Reputation: 2116
I have a quite large table with a field ID
and another field as collection_time
. I want to select latest record for each ID. Unfortunately combination of (ID, collection_time)
time is not unique together in my data. I want just one of records with the maximum collection time
. I have tried two solutions but none of them has worked for me:
First: using query
SELECT * FROM
(SELECT *, ROW_NUMBER() OVER (PARTITION BY ID ORDER BY collection_time) as rn
FROM mytable) where rn=1
This results in Resources exceeded
error that I guess is because of ORDER BY
in the query.
Second Using join between table and latest time:
(SELECT tab1.*
FROM mytable AS tab1
INNER JOIN EACH
(SELECT ID, MAX(collection_time) AS second_time
FROM mytable GROUP EACH BY ID) AS tab2
ON tab1.ID=tab2.ID AND tab1.collection_time=tab2.second_time)
this solution does not work for me because (ID, collection_time)

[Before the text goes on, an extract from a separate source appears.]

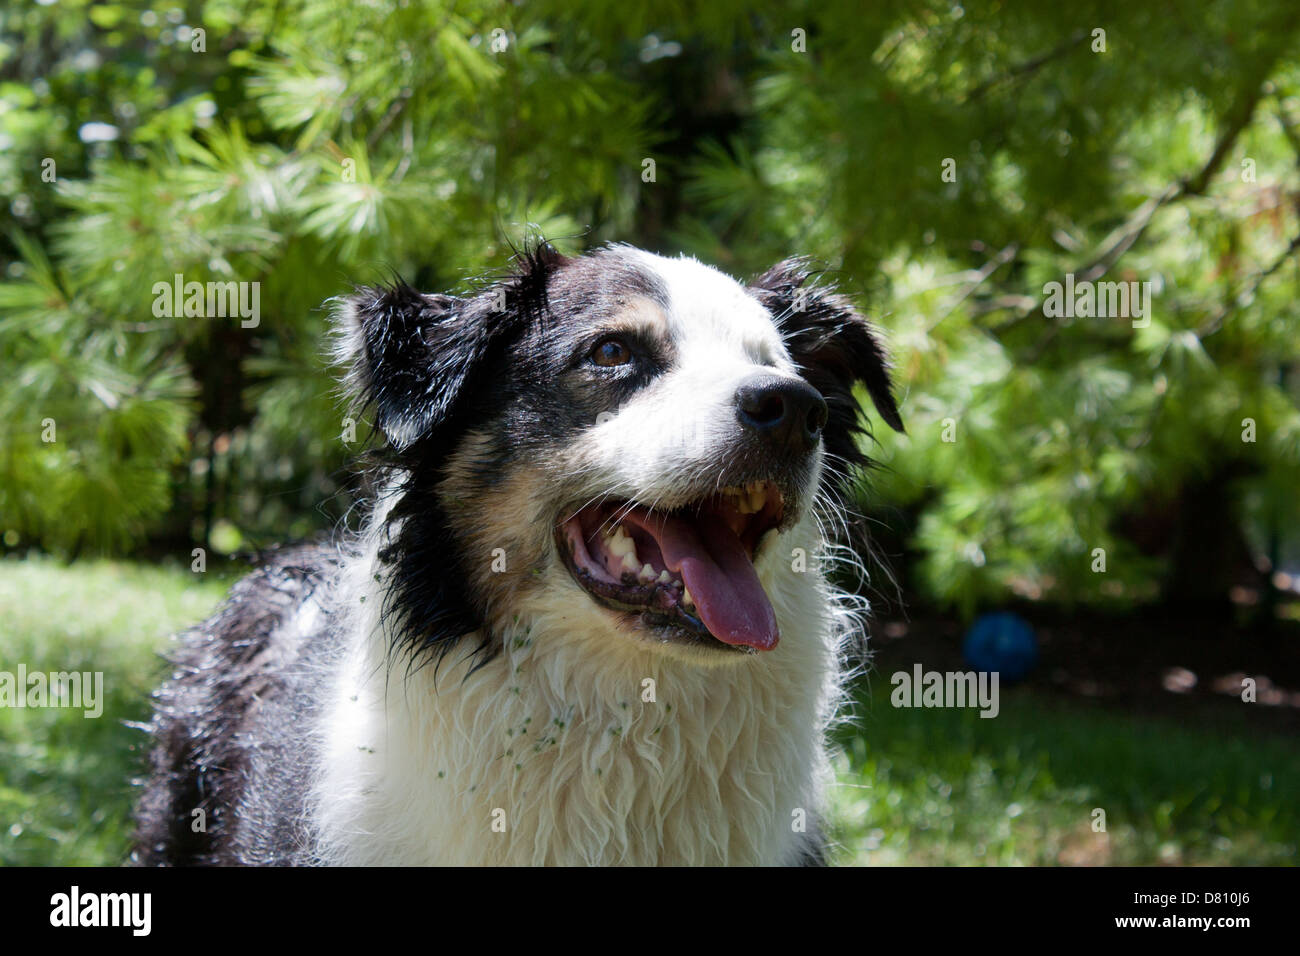 A Playful and happy Australian Shepherd dog wet and covered with burrs waits for someone to throw a ball Stock Photo

are not unique together so in JOIN
result there would be multiple rows for each ID
.
I am wondering if there is a workaround for the resourcesExceeded error, or a different query that would work in my case?
Upvotes: 22
Views: 43137
Reputation: 13129
I see no one has mentioned window functions with QUALIFY
:
SELECT *, MAX(collection_time) OVER (PARTITION BY id) AS max_timestamp
FROM my_table
QUALIFY collection_time = max_timestamp
The window function adds a column max_timestamp
that is accessible in the QUALIFY
clause to filter on.
Upvotes: 10
Reputation: 10222
Short and scalable version:
select array_agg(t order by collection_time desc limit 1)[offset(0)].*
from mytable t
group by t.id;
Upvotes: 8
Reputation: 191
SELECT
agg.table.*
FROM (
SELECT
id,
ARRAY_AGG(STRUCT(table)
ORDER BY
collection_time DESC)[SAFE_OFFSET(0)] agg
FROM
`dataset.table` table
GROUP BY
id)
This will do the job for you and is scalable considering the fact that the schema keeps changing, you won't have to change this
Upvotes: 19
Reputation: 89
If you don't care about writing a piece of code for every column:
SELECT ID,
ARRAY_AGG(col1 ORDER BY collection_time DESC)[OFFSET(0)] AS col1,
ARRAY_AGG(col2 ORDER BY collection_time DESC)[OFFSET(0)] AS col2
FROM myTable
GROUP BY ID
Upvotes: 3
Reputation: 14014
Another solution, which could be more scalable since it avoids multiple scans of the same table (which will happen with both self-join and correlated subquery in above answers). This solution only works with standard SQL (uncheck "Use Legacy SQL" option):
SELECT
ID,
(SELECT srow.*
FROM UNNEST(t.srows) srow
WHERE srow.collection_time = MAX(srow.collection_time))
FROM
(SELECT ID, ARRAY_AGG(STRUCT(col1, col2, col3, ...)) srows
FROM id_table
GROUP BY ID) t
Upvotes: 0
Reputation: 173171
Quick and dirty option - combine your both queries into one - first get all records with latest collection_time (using your second query) and then dedup them using your first query:
SELECT * FROM (
SELECT *, ROW_NUMBER() OVER (PARTITION BY tab1.ID) AS rn
FROM (
SELECT tab1.*
FROM mytable AS tab1
INNER JOIN (
SELECT ID, MAX(collection_time) AS second_time
FROM mytable GROUP BY ID
) AS tab2
ON tab1.ID=tab2.ID AND tab1.collection_time=tab2.second_time
)
)
WHERE rn = 1
And with Standard SQL (proposed by S.Mohsen sh)
WITH myTable AS (
SELECT 1 AS ID, 1 AS collection_time
),
tab1 AS (
SELECT ID,
MAX(collection_time) AS second_time
FROM myTable GROUP BY ID
),
tab2 AS (
SELECT * FROM myTable
),
joint AS (
SELECT tab2.*
FROM tab2 INNER JOIN tab1
ON tab2.ID=tab1.ID AND tab2.collection_time=tab1.second_time
)
SELECT * EXCEPT(rn)
FROM (
SELECT *, ROW_NUMBER() OVER (PARTITION BY ID) AS rn
FROM joint
)
WHERE rn=1
Upvotes: 5
Reputation: 93754
As per your comment, Considering you have a table with unique ID's
for which you need to find latest collection_time
. Here is another way to do it using Correlated Sub-Query
. Give it a try.
SELECT id,
(SELECT Max(collection_time)
FROM mytable B
WHERE A.id = B.id) AS Max_collection_time
FROM id_table A
Upvotes: 0